The Instagram Experiment and Results - peter_d_sherman
https://www.nevblog.com/1-the-instagram-experiment-and-results/
======
peter_d_sherman
Related Graphs:

[https://kopywritingkourse.com/social-media-
strategy/](https://kopywritingkourse.com/social-media-strategy/)

Excerpts:

"Also with my base content it keeps returning more and more traffic per month,
even if I don’t post much.

 _Whereas you can see my Instagram stats dropped by something like 60X less
when I didn’t post for about 10 days._ "

[...]

"I might spend 3 hours writing an article on my website today, but over the
course of time:

Day 1: People read it, even while I sleep.

Day 2: People read it and signup to the website, which builds my audience.

Day 3: From that article I can make 5+ social media posts, exposing the
content to different networks.

Day 10: The article starts to rank in Google, sending me more traffic.

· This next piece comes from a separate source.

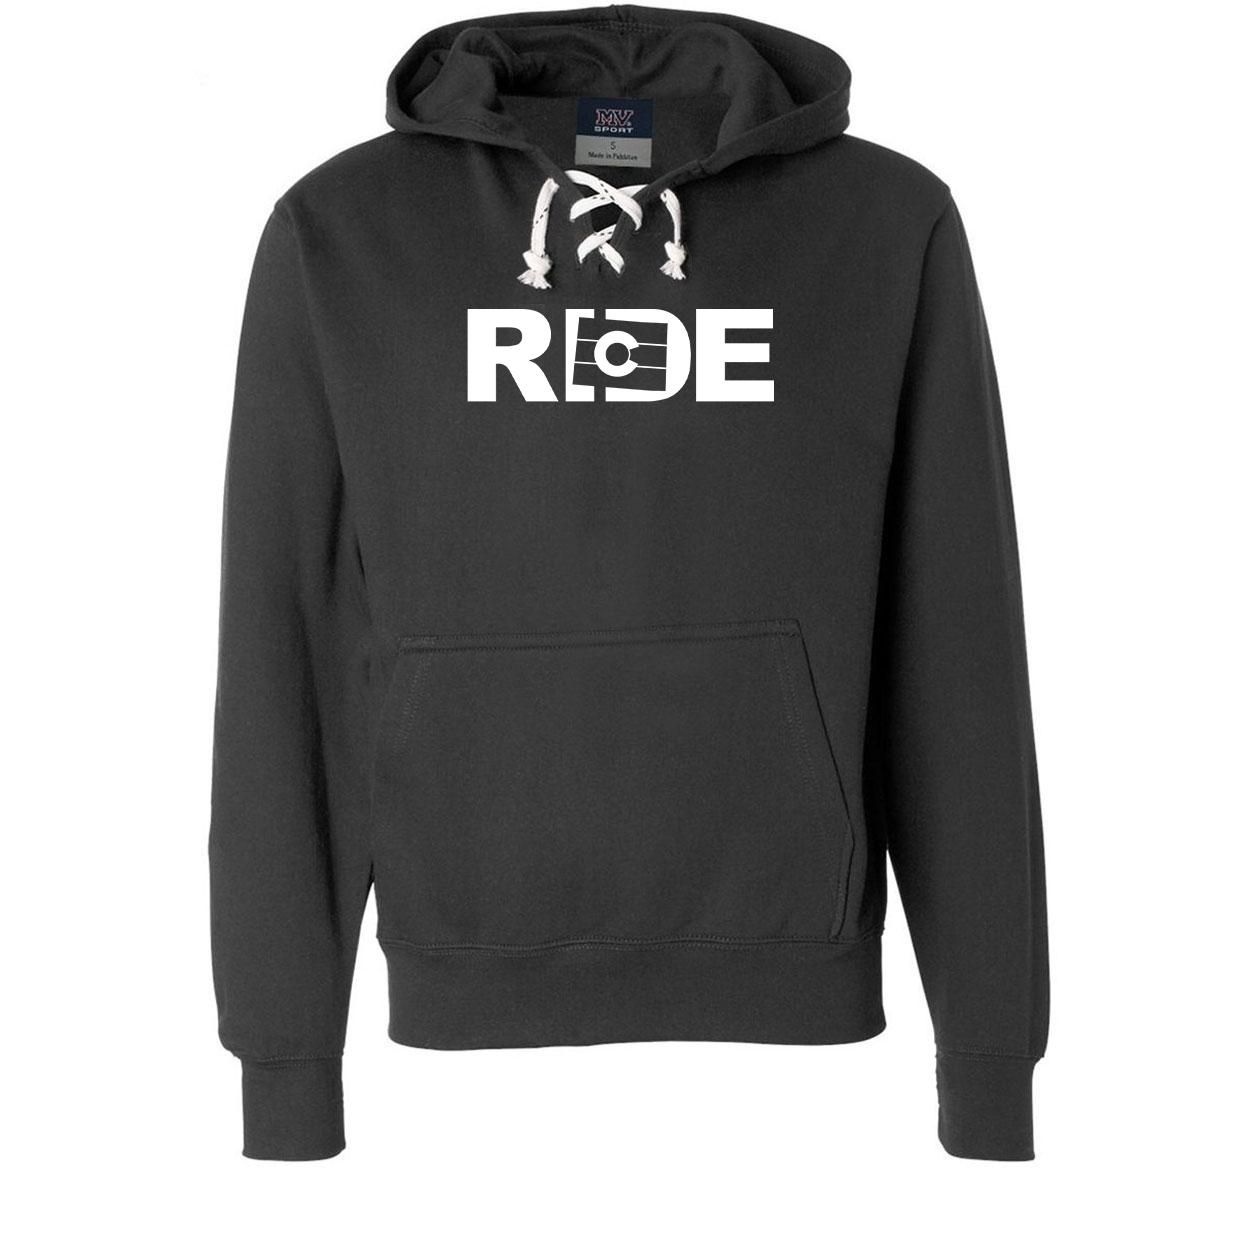 Ride Colorado Classic Unisex Premium Hockey Sweatshirt Black (White Logo)

Day 20: Someone links the article and sends their traffic to the article,
growing my audience.

Day 50: I am writing an article about something similar, and can reference
that old post and use content from it.

Day 100: Someone finds the article and shares it to their social media
following, growing my audience.

Day 500: I still get traffic, signup, and sales from 3 hours of work I did 500
days ago.

 _…basically that article works for me, and builds an asset I own._

This process happens with social networks too….you can definitely build an
asset on a platform.

 _However, the key difference is ultimately the social networks owns the
asset, not you._

Also as network popularity shifts, you lose much of that benefit.

 _But if Facebook, Instagram, LinkedIn, Pinterest, YouTube and Twitter have
the eyeballs of damn near every person on Earth…..then it’s worth playing
their game._ "